I’m not judging anybody about anything, and my post had nothing to do with whether or not one produces additional children after they’ve lost one.
Then you haven’t met anyone like me ( and I am not all that rare ). I realize it is more common for people to move their pet way down in the order of importance when they have kids, but this isn’t what always happens. And in many cases, there are people who choose to have pets instead of children, so if they ended up with an accident, do you think they would suddenly, magically, switch over their feelings just because this baby now exists? And if for some bizarre reason they were forced to keep and raise this baby, do you think they would admit to not loving it more than their dogs, given what society would do to them?
To me it doesn’t seem to be a matter of stupid (tho there is that too) but more a matter of lack of concern. Such as the comment of “oh is that where he was?” - no indication of concern as to where the kid was or what he might have been doing/getting into/getting snatched/getting killed. I don’t know if this is an average parent or not - it’s quite possible that I wouldn’t notice an average parent because their kid isn’t running in front of my car! But, I do end up seeing far too many of the unconcerned or stupid ones, pretty much daily. Maybe it’s just a matter of too many people having children too young?
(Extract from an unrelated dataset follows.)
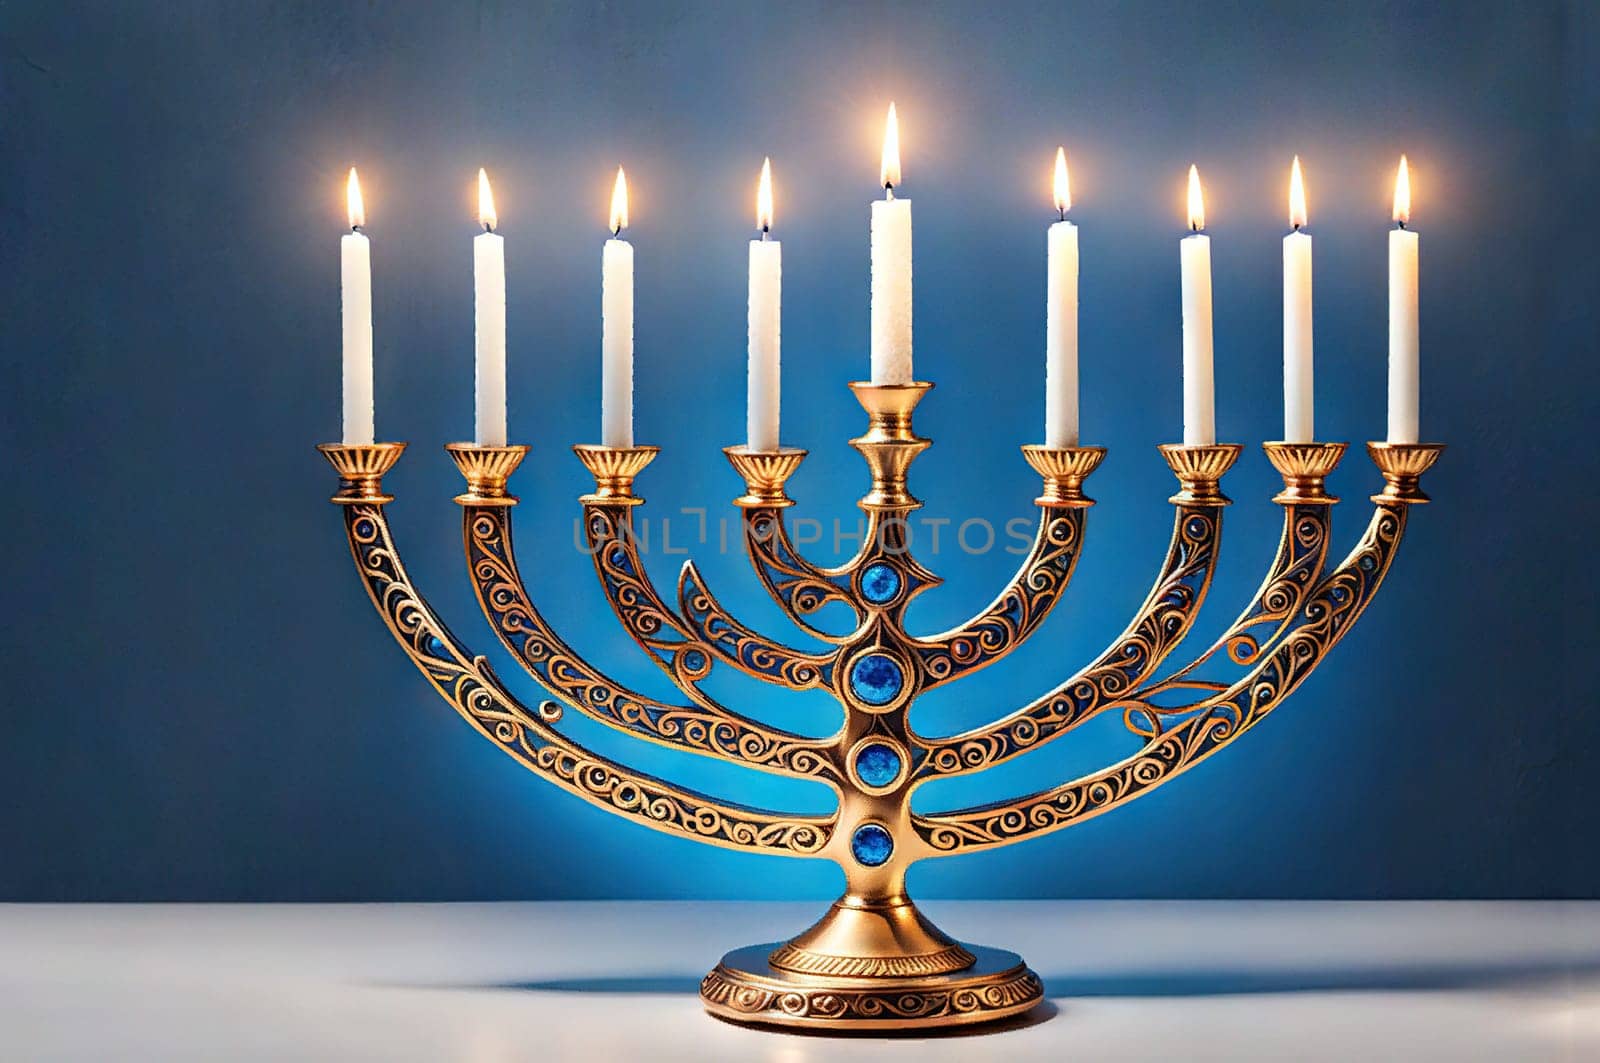 Bronze Hanukkah menorah with burning candles on table. Holiday greeting card concept.

How else is one going to prove or disprove the possibility that I can love my cat as much as you love your 2 year old, other than comparisons of care? Regarding the leaving a 2 year old child in the backyard unsupervised, this is the same as leaving a 3 month old puppy out there as they are about the same mental age. There are lots of pet owners that do that, but I wouldn’t as there are too many ways a puppy that young could get into trouble, or it could very easily be stolen. It would make me completely crazy to worry about what was possibly going on while I was gone.
Another example. Taking a dog on an airplane over a certain size means they have to travel with the luggage - a large number of pet owners have little or no problem with this. I can’t do it due to worry and didn’t take any of my dogs on a plane until I became “officially” handicapped, so my best trained dog became “officially” a service dog and can now ride in the cabin with me. Imagine how you would feel if you where required to put your 2 year old in a box and he was flown with the luggage. It’s not like it’s unsafe or anything down there, but the thought of having to do that to your child would make you crazy, no? If this were the law, you’d probably do what I do - drive everywhere possible, and not take the (dogs) child when you couldn’t drive it.
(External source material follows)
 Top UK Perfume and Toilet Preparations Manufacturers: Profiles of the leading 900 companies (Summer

Again, you just don’t seem to ‘get’ it. A dog is NOT a person. A dog, no matter how much affection you feel towards it, is a thing; an IT. A cute, interesting, entertaining animal whose instinctive behaviours can sometimes be interpreted as intelligence, or loyalty, or friendship.
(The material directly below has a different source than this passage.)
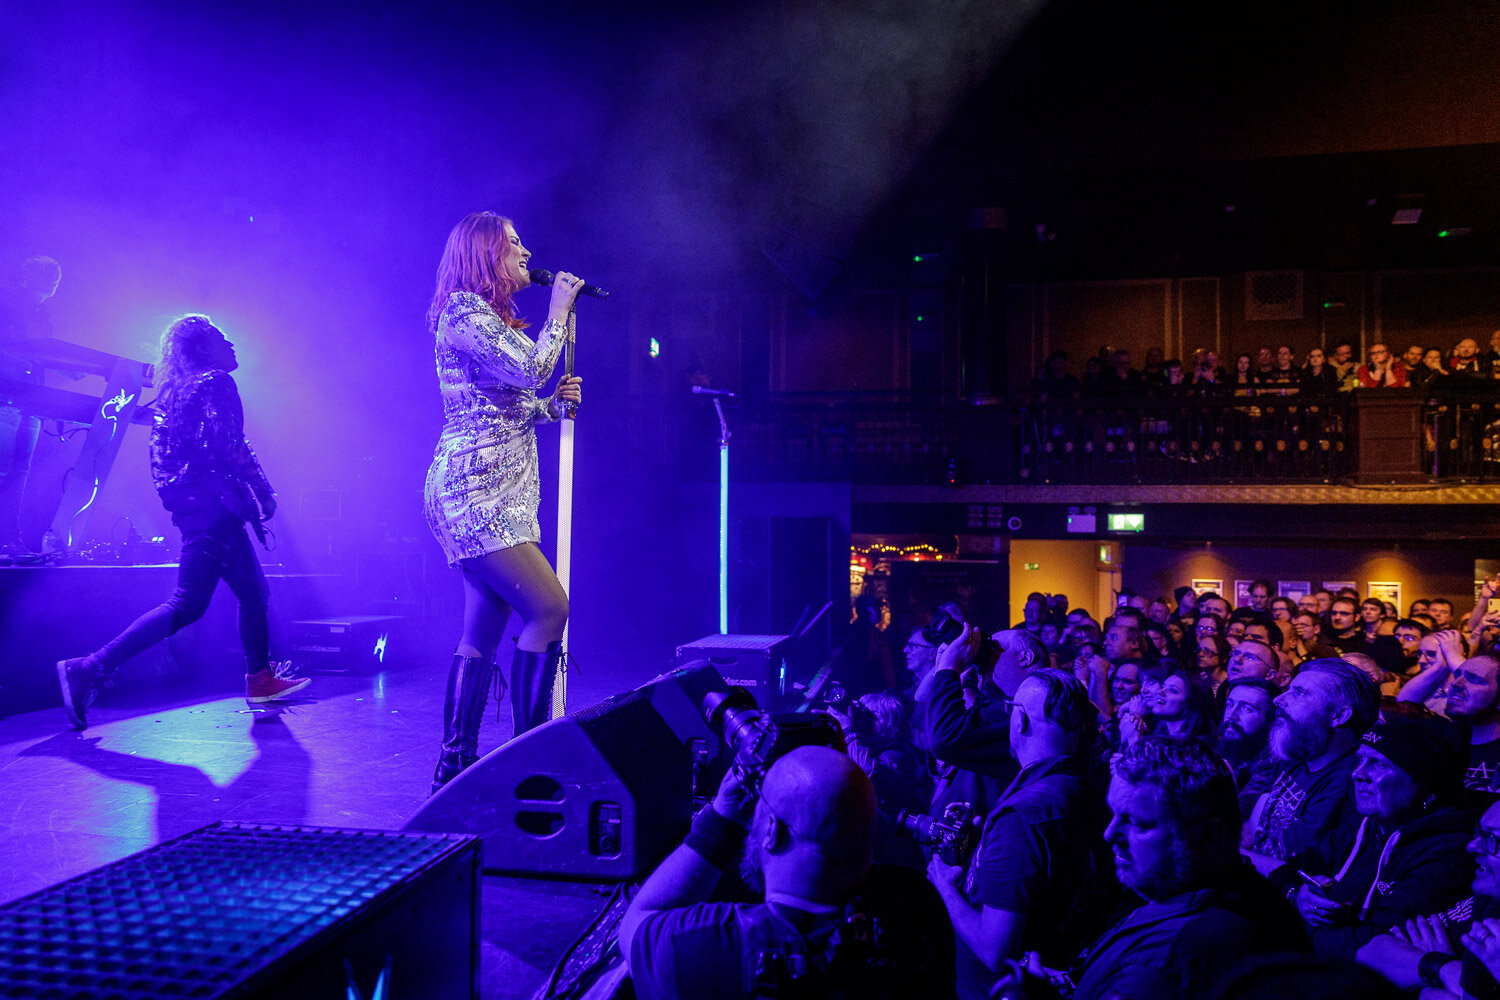 Delain at the O2 Ritz in Manchester on February 7th 2020

In 14-15 odd years my child will be an adult human being, an American citizen with all the rights that entails. He’ll vote. He will drive a car, dress himself, shave, have a job, maybe have a wife or a girlfriend. He’ll probably be in college, or not. He’ll have friends. He’ll have long conversations, in English and/or Spanish, about life, and art, and philosophy, and music, and literature. He’ll play the guitar, maybe even be in a band. Even though his mom and dad will by that time be terribly old and beyond uncool, he’ll still love 'em. He’ll look forward to another 60-70 years on the planet of discovering, learning, loving, teaching, exploring, experiencing and maybe some day passing on a wee pinch of whatever wisdom he has managed to beg, borrow or steal to his own children.
In that same 14-15 years, your dog will be just another dead pet buried out in the back yard.
If parting with a 12 year-old-child hurts so much, why does anyone even bother to have children? This argument makes no sense. It’s not about “My pain is so much bigger than your pain”, it’s about the love you feel towards the pet/child in the experience of having them in your life.
Well, to be fair, they aren’t saying their dogs love them as much as your kids love you. Hypothetically, the pet owner could love the pet a great deal without the pet returning that level of affection.